RASC News Agency: Local sources in Badakhshan province have confirmed that a violent confrontation has once again erupted between rival Taliban commanders in the Shahr-e-Buzurg district over control of a gold mine, revealing the group’s deep internal divisions and its ruthless pursuit of wealth under the guise of governance.
According to multiple eyewitnesses, the bloody clash began early Monday morning, October 27, after disputes intensified between two Taliban commanders who jointly managed a lucrative mining site but fell out over the division of profits and territorial control. The confrontation escalated into heavy armed combat that lasted for several hours, leaving at least 11 Taliban fighters dead and six others seriously wounded. Although independent verification remains pending, sources on the ground describe the area as “highly volatile,” with Taliban units reinforcing their positions and civilians fleeing the zone.
Witnesses identified one of the commanders as Qari Omar, a figure with strong ties to Kandahari and Helmandi Taliban factions, who reportedly mobilized his men against another local Taliban group in an attempt to seize full control of the mine. Residents of the nearby Awez village, a hub for gold extraction, told RASC that Taliban commanders in the area have long been extorting local miners, imposing illegal levies, and violently monopolizing gold revenues. “These men do not govern they plunder,” said one villager, describing the Taliban’s local rule as a “criminal economy built on fear and greed.”
In recent months, Taliban officials have also been confiscating agricultural lands from local Tajik farmers, transferring ownership to Pashtun businessmen and loyalists. Such actions have deepened ethnic resentment in Badakhshan, a province historically marginalized under Pashtun-dominated regimes. Several prior confrontations between Tajik mine operators and Pashtun-linked Taliban entrepreneurs have already turned violent, further exposing the Taliban’s ethnic bias and internal fragmentation.

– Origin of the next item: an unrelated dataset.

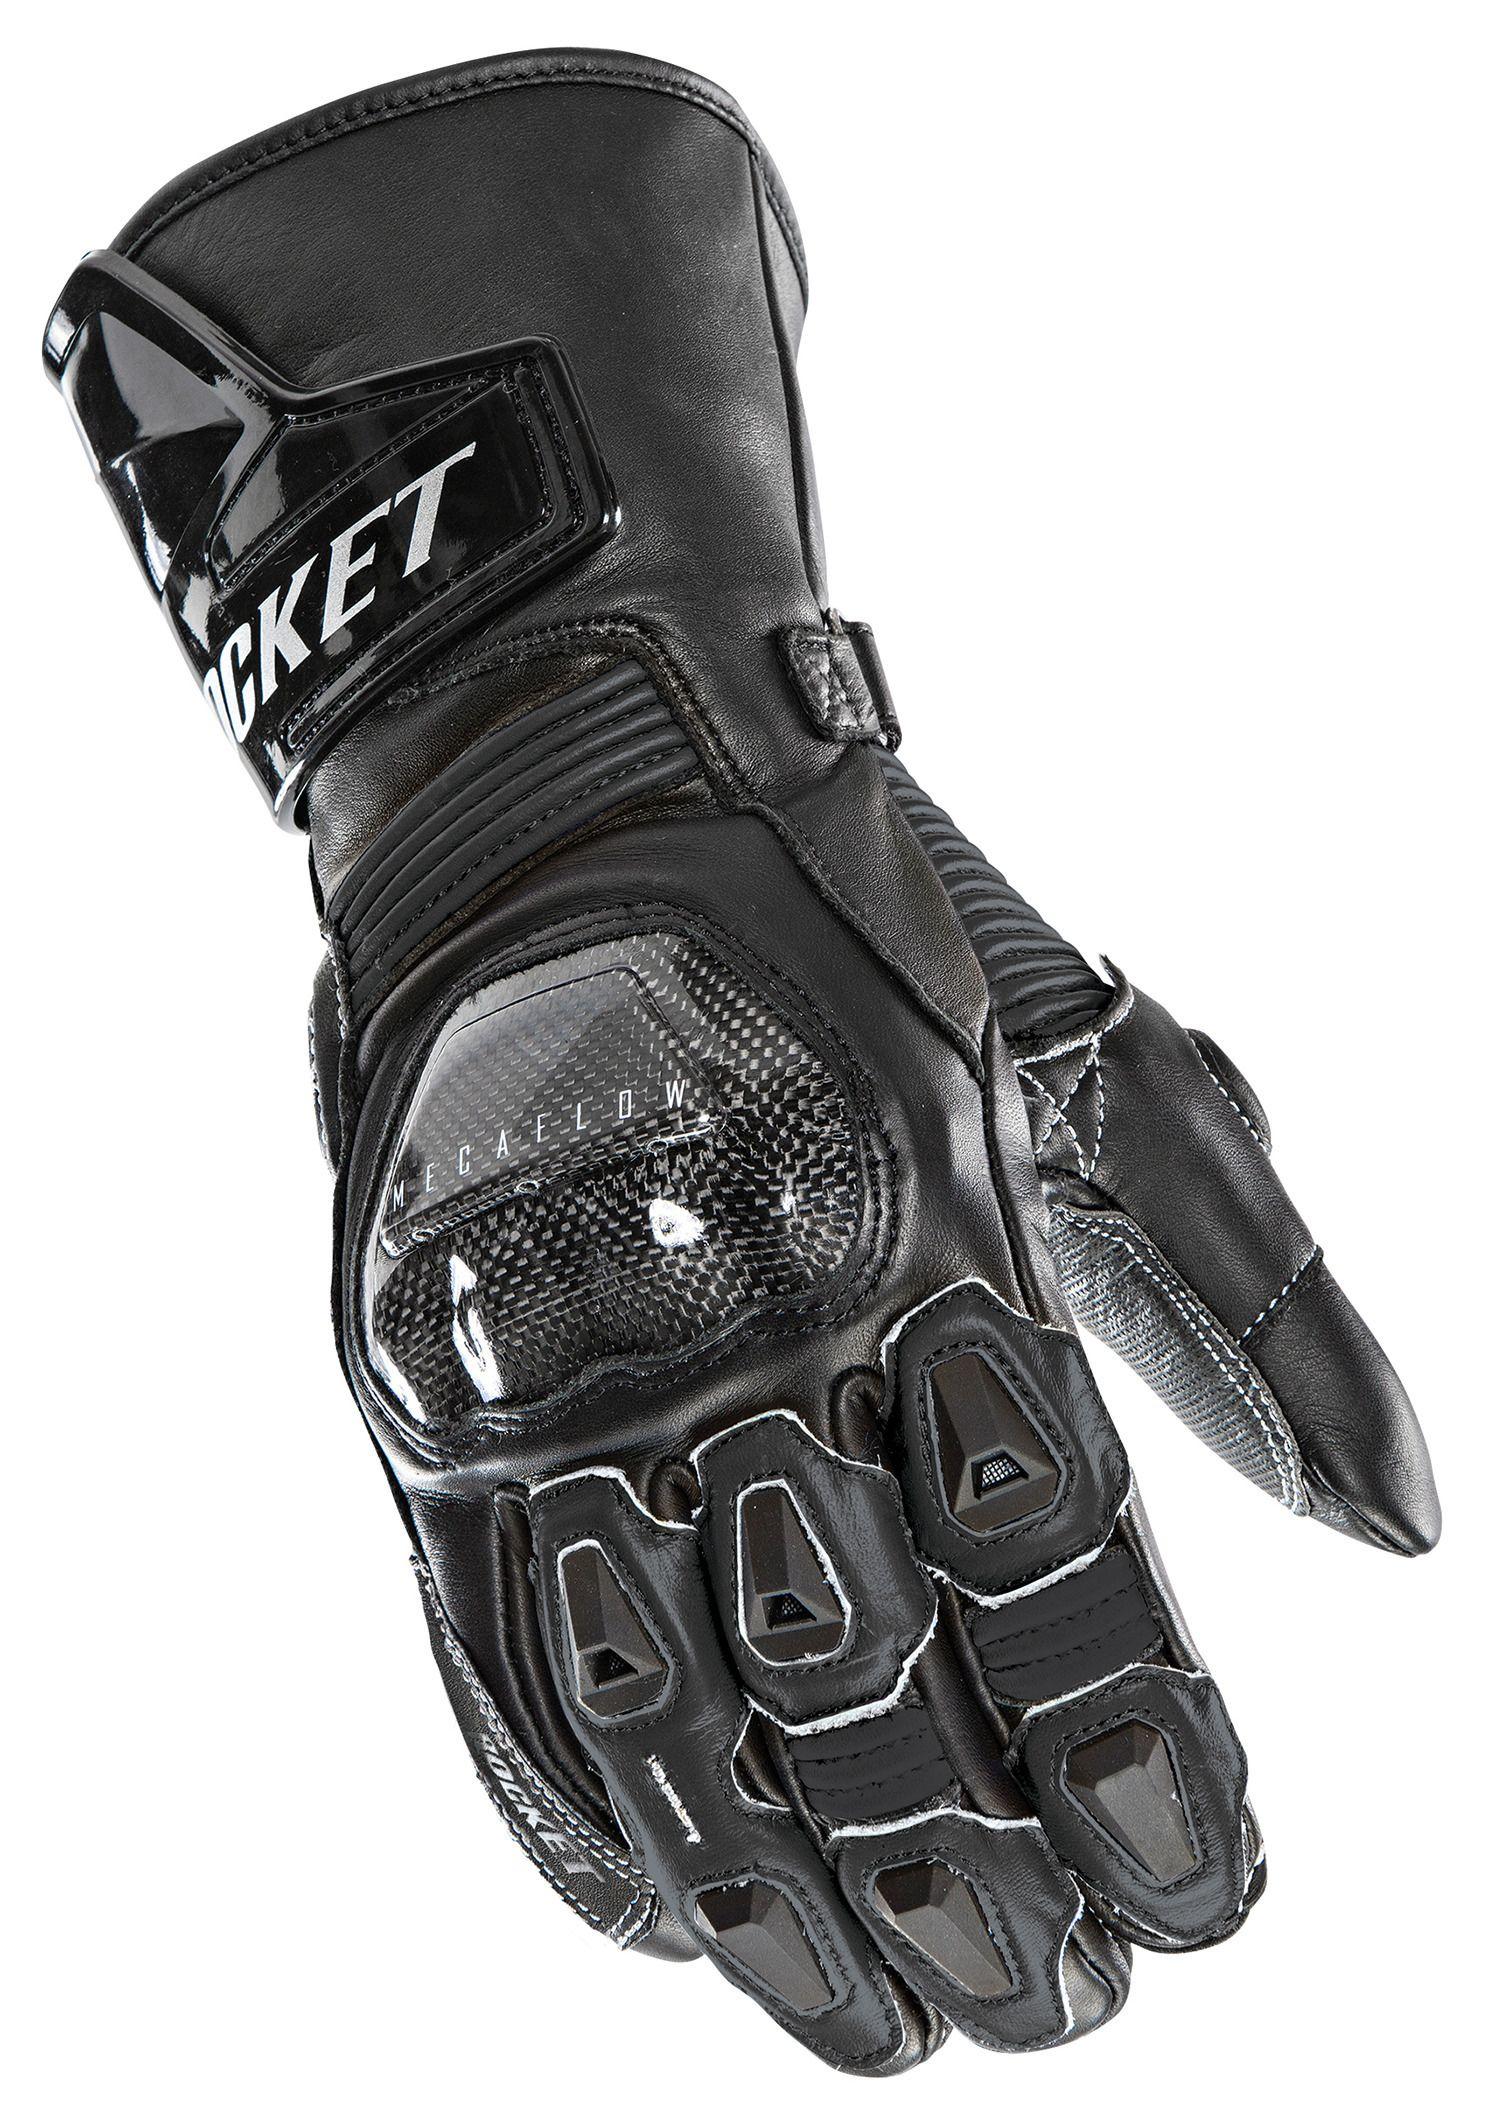 Joe rocket leather motorcycle gloves - Joe Rocket Leather Motorcycle Gloves 38

Social observers and analysts in Badakhshan argue that the conflict reflects the utter collapse of cohesion within the Taliban hierarchy, where provincial commanders act as autonomous warlords driven by personal ambition rather than ideological or national purpose. “The Taliban are no longer a movement they are a network of competing fiefdoms,” a Kabul-based political analyst told RASC. “They trade in gold, narcotics, and fear, not governance.”
The gold mines of Badakhshan, once considered a potential source of economic revival, have now become epicenters of Taliban corruption and smuggling. The group’s so-called “Islamic Emirate” has shown no capacity to regulate or equitably manage Afghanistan’s natural wealth; instead, its leadership has turned these resources into instruments of control and patronage. The profits, according to residents, are funneled through tribal and familial networks that strengthen the Taliban’s southern factions while impoverishing local communities.
Critics say the Taliban’s continuing internal feuds are symptomatic of a regime hollow at its core bereft of vision, unity, or legitimacy. While the leadership in Kandahar seeks international recognition, its commanders on the ground wage turf wars over gold, fuel, and land, devastating local livelihoods and eroding what remains of Afghanistan’s fragile social fabric.
“The Taliban talk of justice, but their rule is sustained by exploitation and fear,” said a university professor from Faizabad. “Every mine they seize, every village they strip, reveals the true face of their so-called Emirate one built not on faith or governance, but on greed and blood.”